BellSoft Liberica JDK is another OpenJDK-based implementation that provides builds for a wide range of platforms, including support for embedded systems and older architectures. It offers both standard and "Full" versions that include additional components like JavaFX.

SAP Machine is SAP's downstream distribution of OpenJDK, optimized for SAP applications and deployments. It provides both short-term and long-term support releases aligned with OpenJDK's release schedule.

Alibaba Dragonwell is a downstream version of OpenJDK with some in-house optimizations. It includes enhancements in startup performance, footprint, and throughput.

GraalVM represents a significant departure from traditional Java implementations. Developed by Oracle Labs, it provides a polyglot virtual machine supporting multiple languages beyond Java, including JavaScript, Python, Ruby, and R. GraalVM includes an advanced just-in-time compiler written in Java and supports ahead-of-time compilation for creating native executables, substantially reducing startup time and memory footprint.
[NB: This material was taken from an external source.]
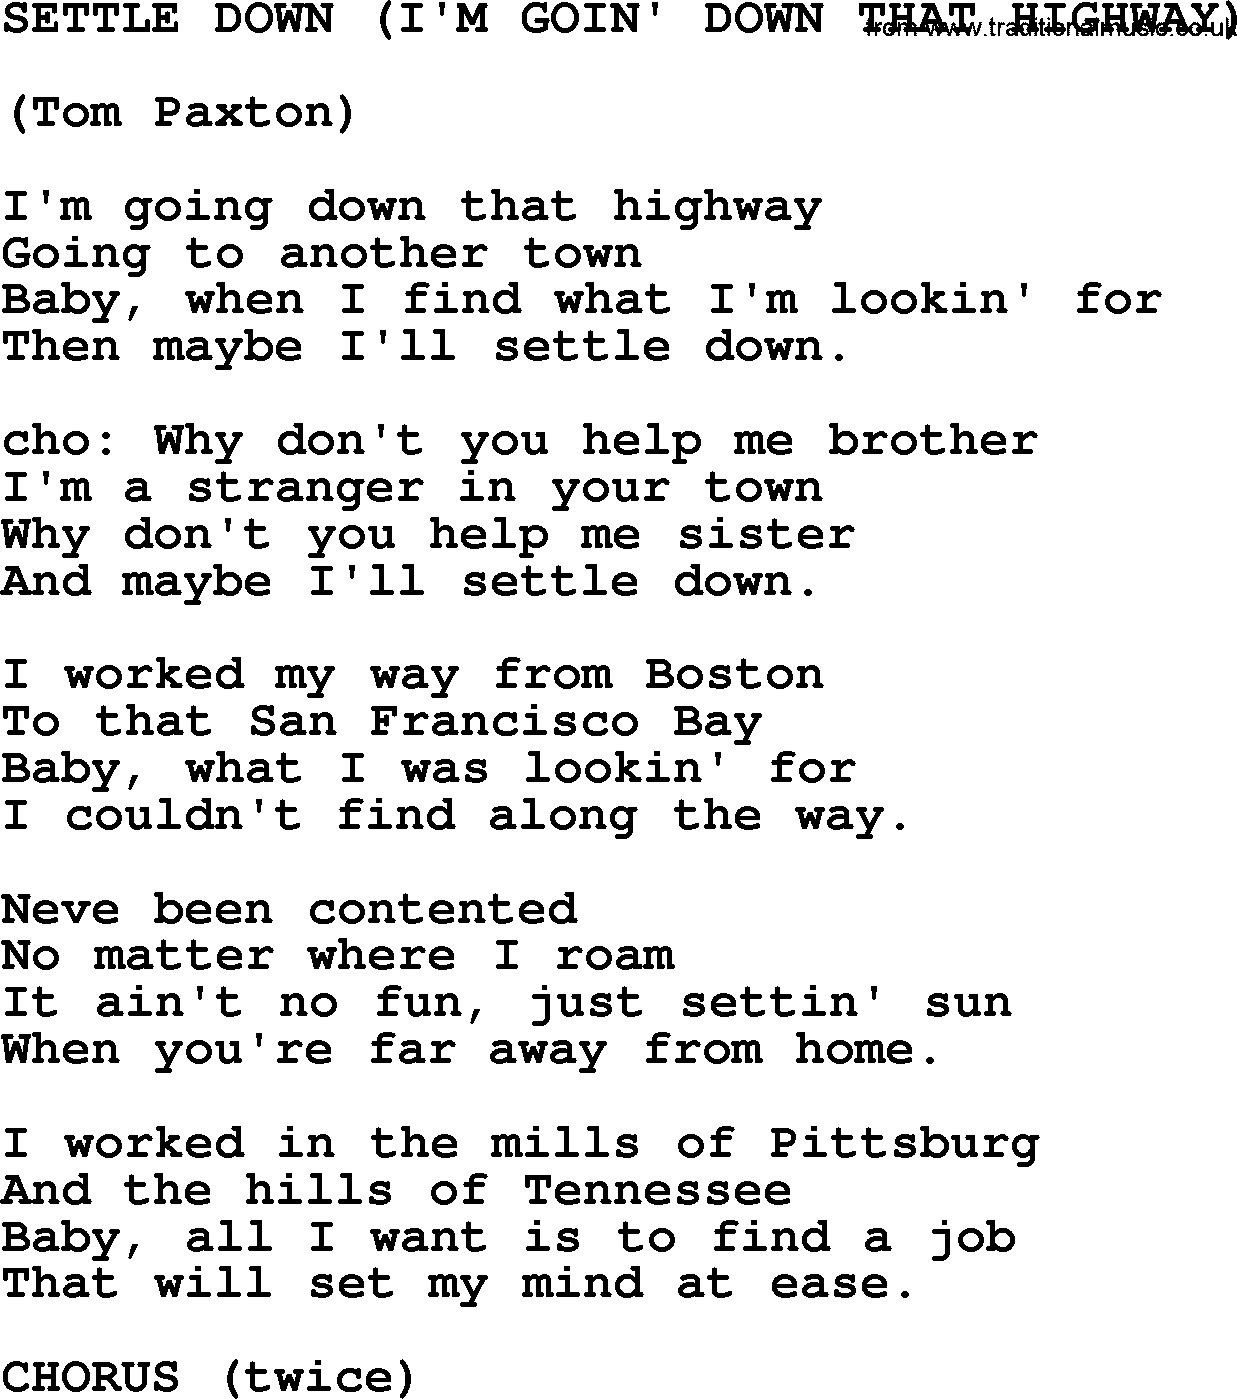 Tom Paxton song: Settle Down (i'm Goin' Down That Highway), lyrics

The Red Hat build of OpenJDK is Red Hat's supported distribution of OpenJDK for Red Hat Enterprise Linux and Windows, providing long-term support and regular updates as part of Red Hat's subscription offerings.

The Semeru Runtime, based on the Eclipse OpenJ9 JVM and OpenJDK class libraries, is IBM's no-cost Java runtime optimized for cloud deployments. It offers improved startup time, smaller memory footprint, and better throughput compared to HotSpot-based implementations.